We made improvements in build output to help localize the part of the Dockerfile that produced the error (moby/moby#42329 (comment)). I think this was a great addition, especially when working with more complex Dockerfiles (which may have multiple sections with similar commands);
2023-02-09T16:30:24.3188068Z ------
2023-02-09T16:30:24.3188728Z Dockerfile:52
2023-02-09T16:30:24.3189131Z --------------------
2023-02-09T16:30:24.3189679Z 51 | ENV TARGET=/out
2023-02-09T16:30:24.3190137Z 52 | >>> RUN --mount=type=bind,target=.,rw \
2023-02-09T16:30:24.3190877Z 53 | >>> --mount=type=cache,target=/tmp/docker-docs-clone \
2023-02-09T16:30:24.3191421Z 54 | >>> --mount=type=cache,target=/src/.jekyll-cache <<EOT
2023-02-09T16:30:24.3192058Z 55 | >>> set -eu
2023-02-09T16:30:24.3192424Z 56 | >>> CONFIG_FILES="_config.yml"
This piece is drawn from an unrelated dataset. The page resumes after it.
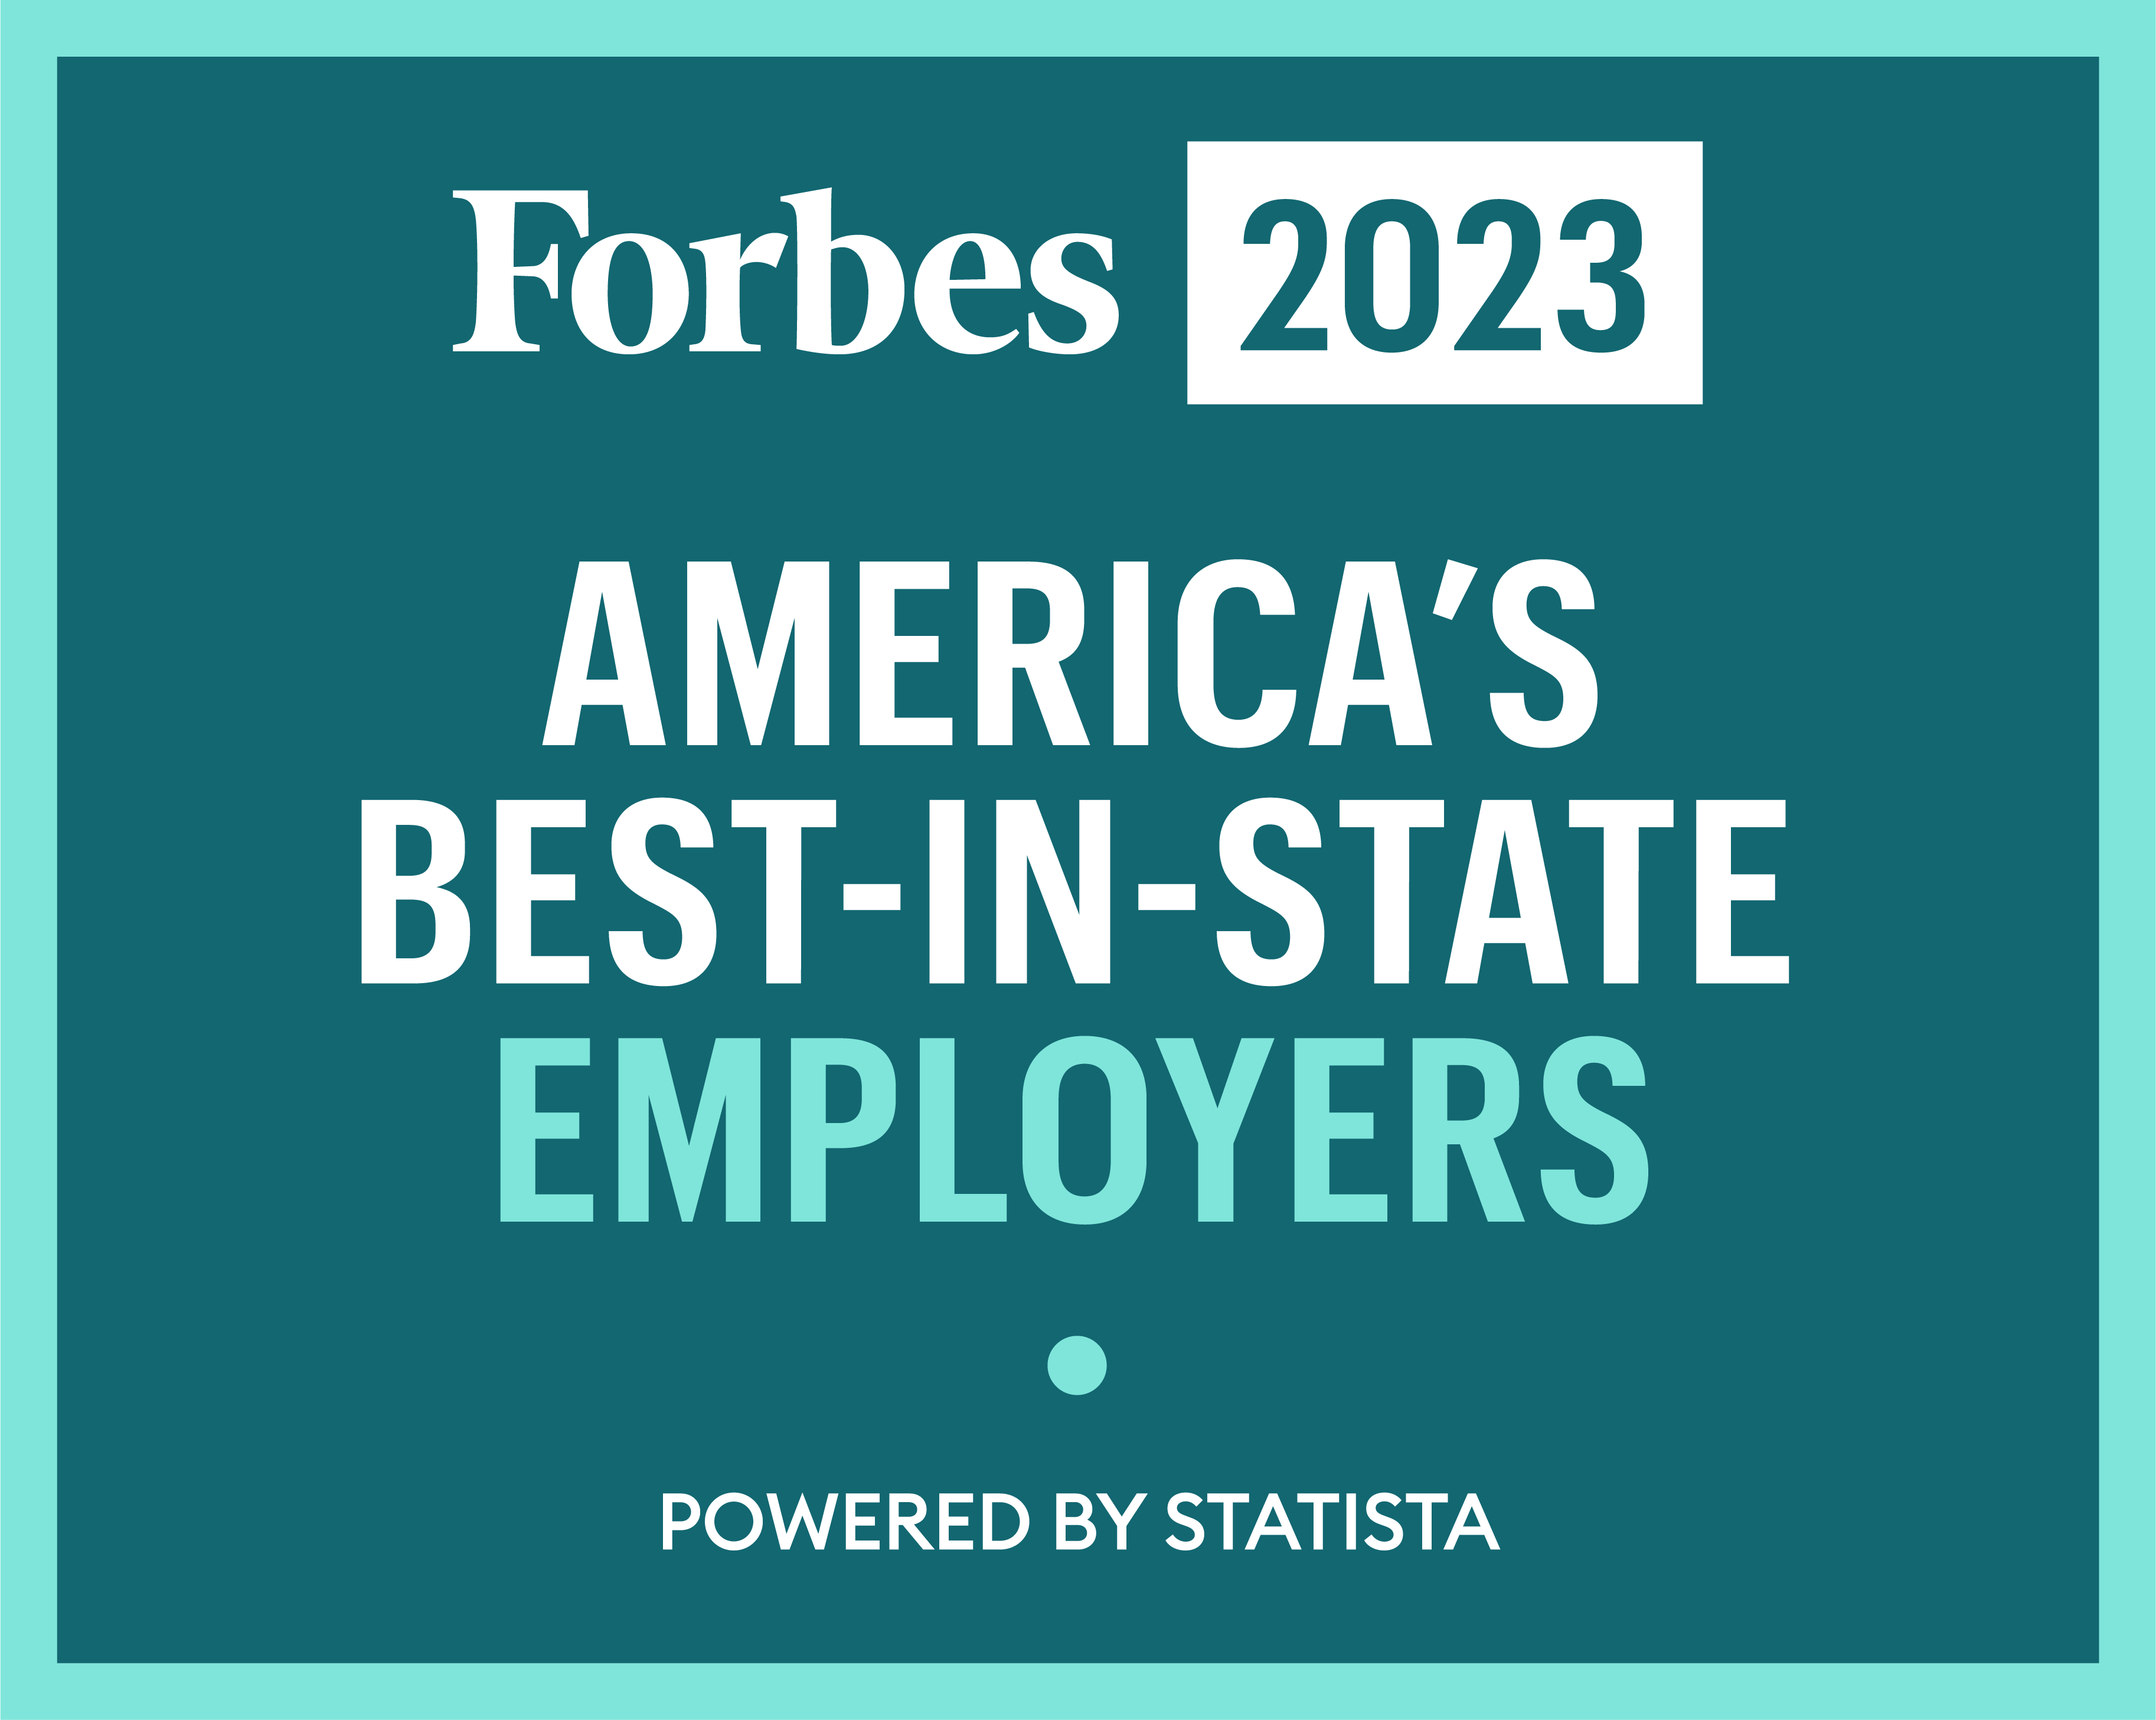 Forbes 2023 America's Best-in-State Employers

2023-02-09T16:30:24.3193044Z 57 | >>> if [ "${JEKYLL_ENV}" = "production" ]; then
2023-02-09T16:30:24.3193484Z 58 | >>> CONFIG_FILES="${CONFIG_FILES},_config_production.yml"
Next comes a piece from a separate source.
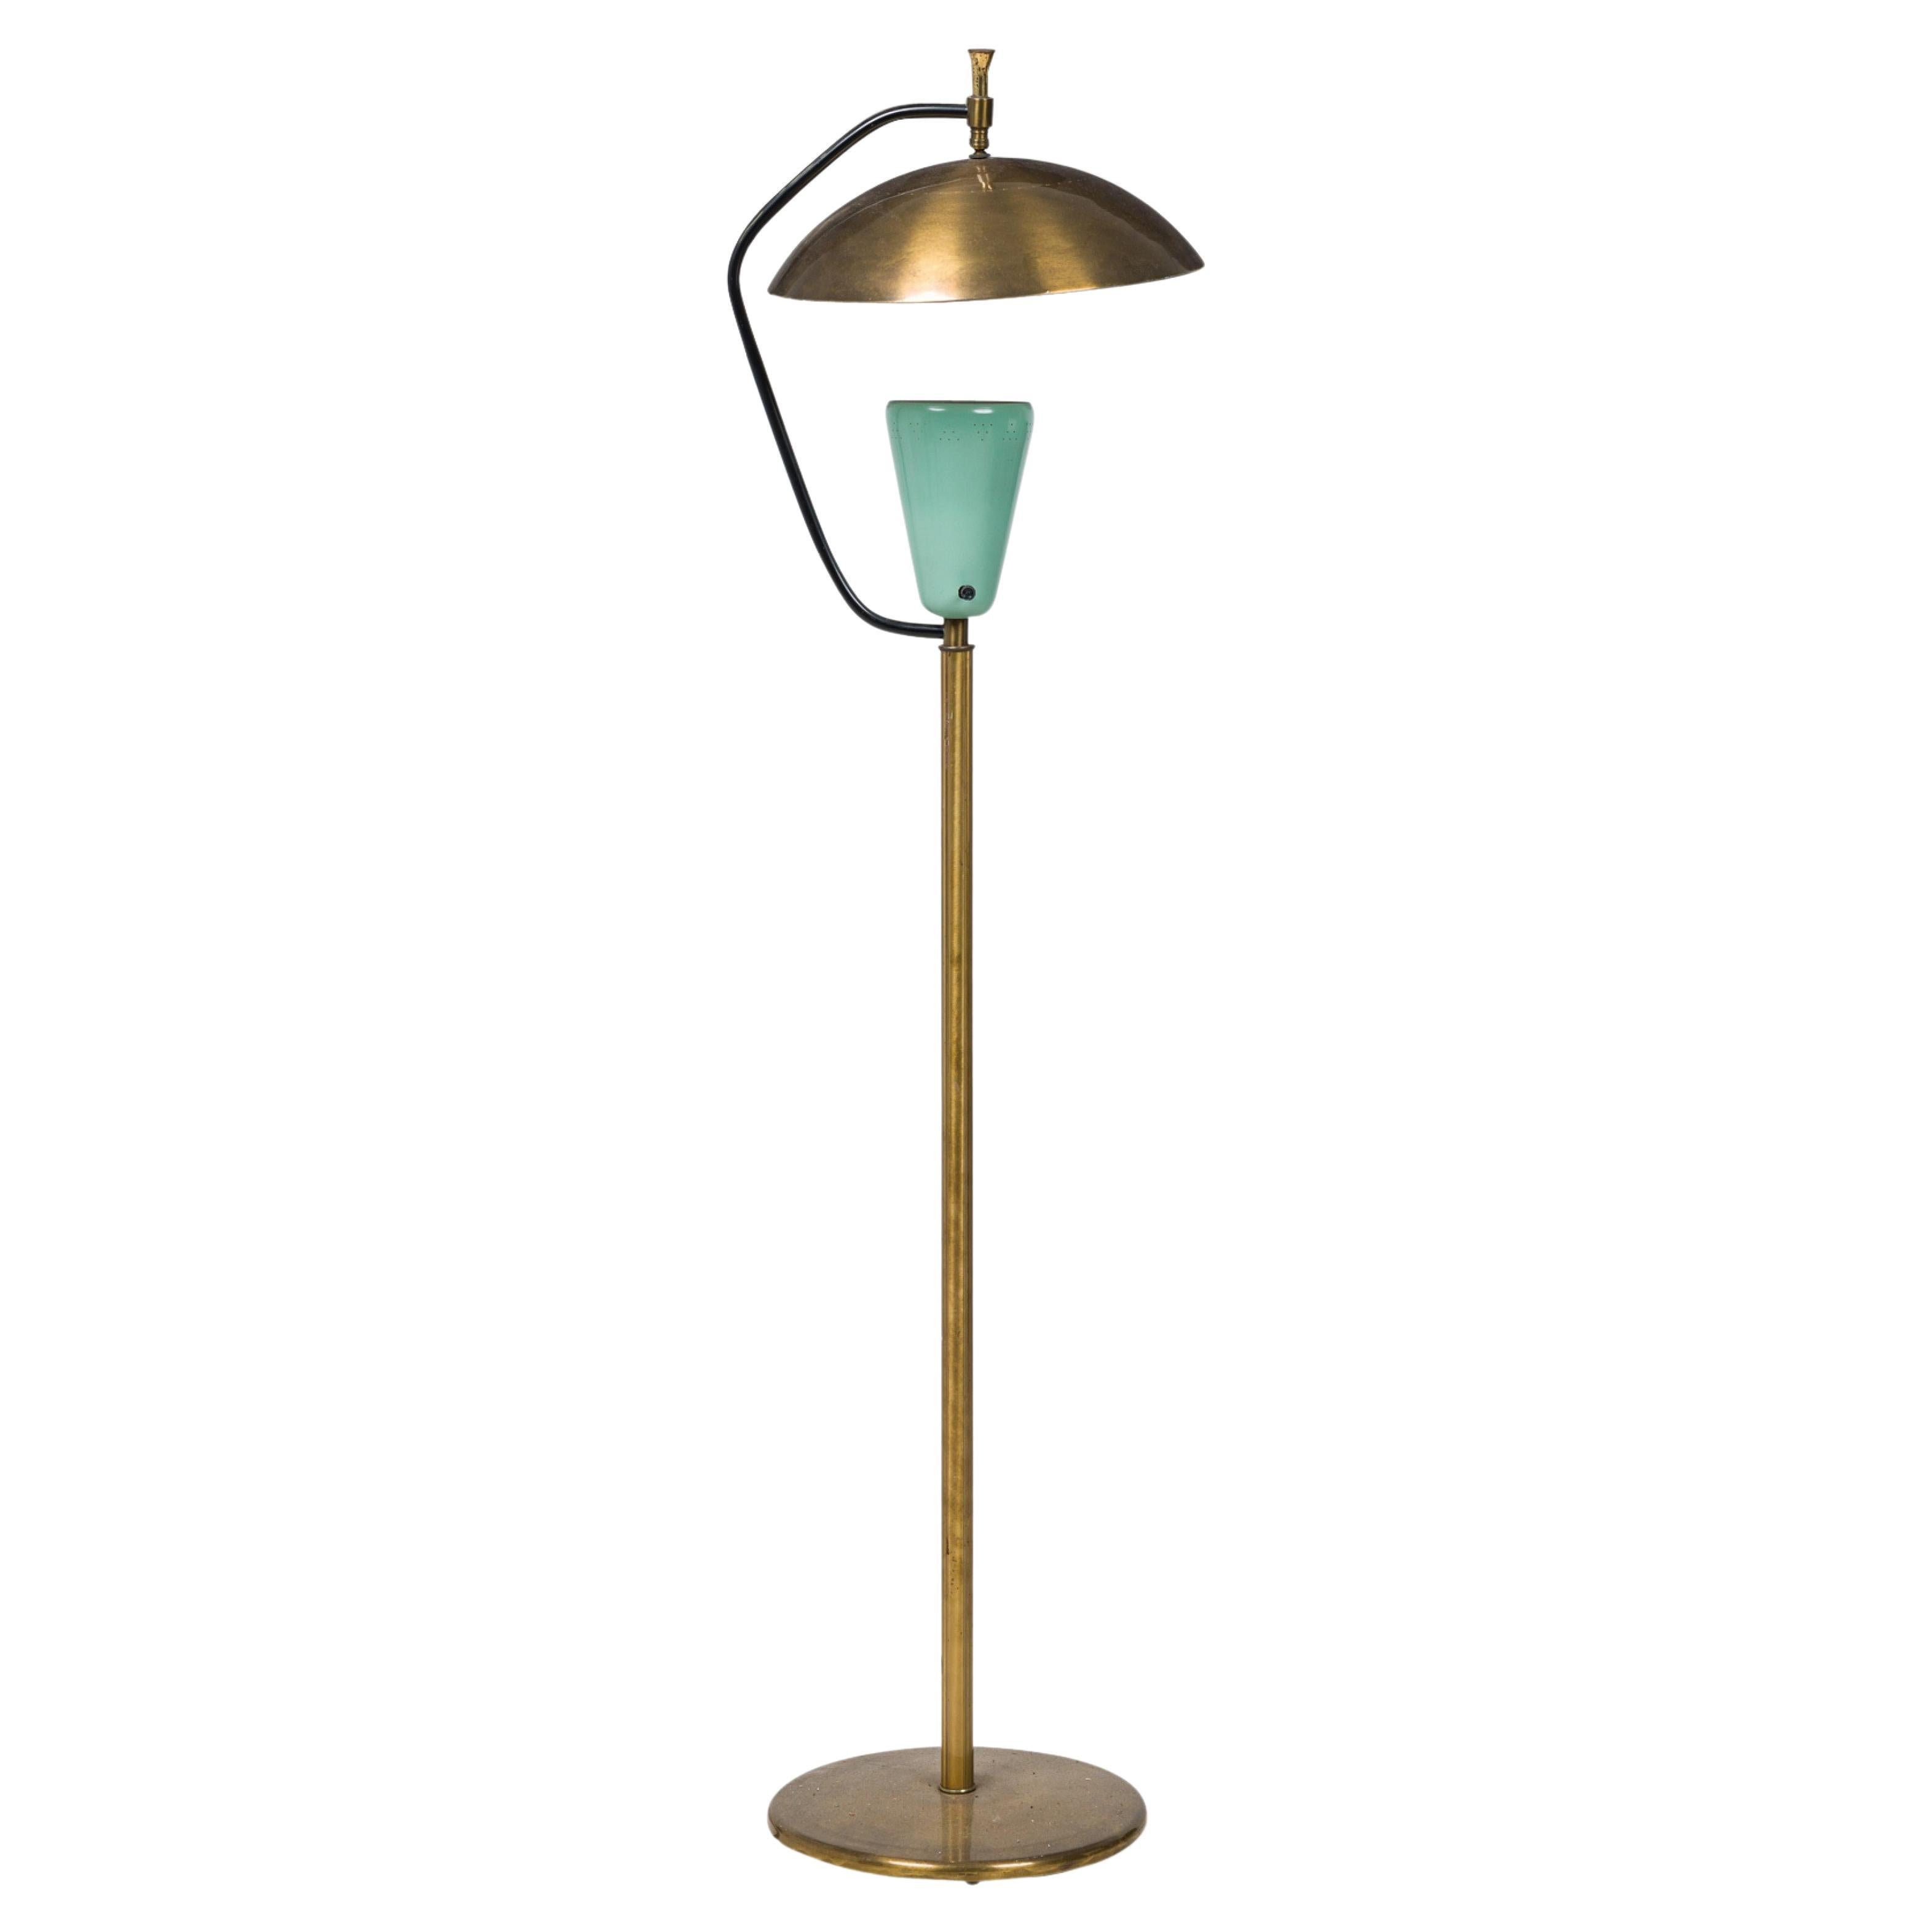 Pierre Guariche Midcentury French Brass and Green Enamel Floor Lamp

2023-02-09T16:30:24.3194267Z 59 | >>> elif [ "${DOCS_URL}" = "https://docs-stage.docker.com" ]; then
2023-02-09T16:30:24.3194752Z 60 | >>> CONFIG_FILES="${CONFIG_FILES},_config_stage.yml"
2023-02-09T16:30:24.3195334Z 61 | >>> fi
2023-02-09T16:30:24.3195680Z 62 | >>> set -x
2023-02-09T16:30:24.3196407Z 63 | >>> bundle exec jekyll build --profile -d ${TARGET} --config ${CONFIG_FILES}
2023-02-09T16:30:24.3196820Z 64 | >>> EOT
2023-02-09T16:30:24.3197330Z 65 |
2023-02-09T16:30:24.3197708Z --------------------
However, while that helps me locate the offending part of the Dockerfile, it does not provide me the information to solve the problem. Finding the associated error from the command is cumbersome (especially)
Solutions
I don't have an immediate solution for all of this, but some features may help.
Ability to read back build logs
For debugging, it would help to be able to read back the full output of the build. This would help debugging the failed build, especially in the docker compose example mentioned above, where the output is otherwise truncated;
For a complex Dockerfile, this may still be limiting (perhaps I want to only show the output of the failed buildstep ?), so perhaps a way to filter would be great
Replay the build (interactively?)
I saw some work was done on a "history API":
Gonna be honest; I have no idea what's stored in that API, but if that feature means we keep all the output, then it would be great to expose that through a command, and being able to (interactively?) replay the build (without actually re-running the build). Basically a "debug" option that allows me to "step" through the build to navigate the output (step over stage x, y, step into stage z, and scroll through the output).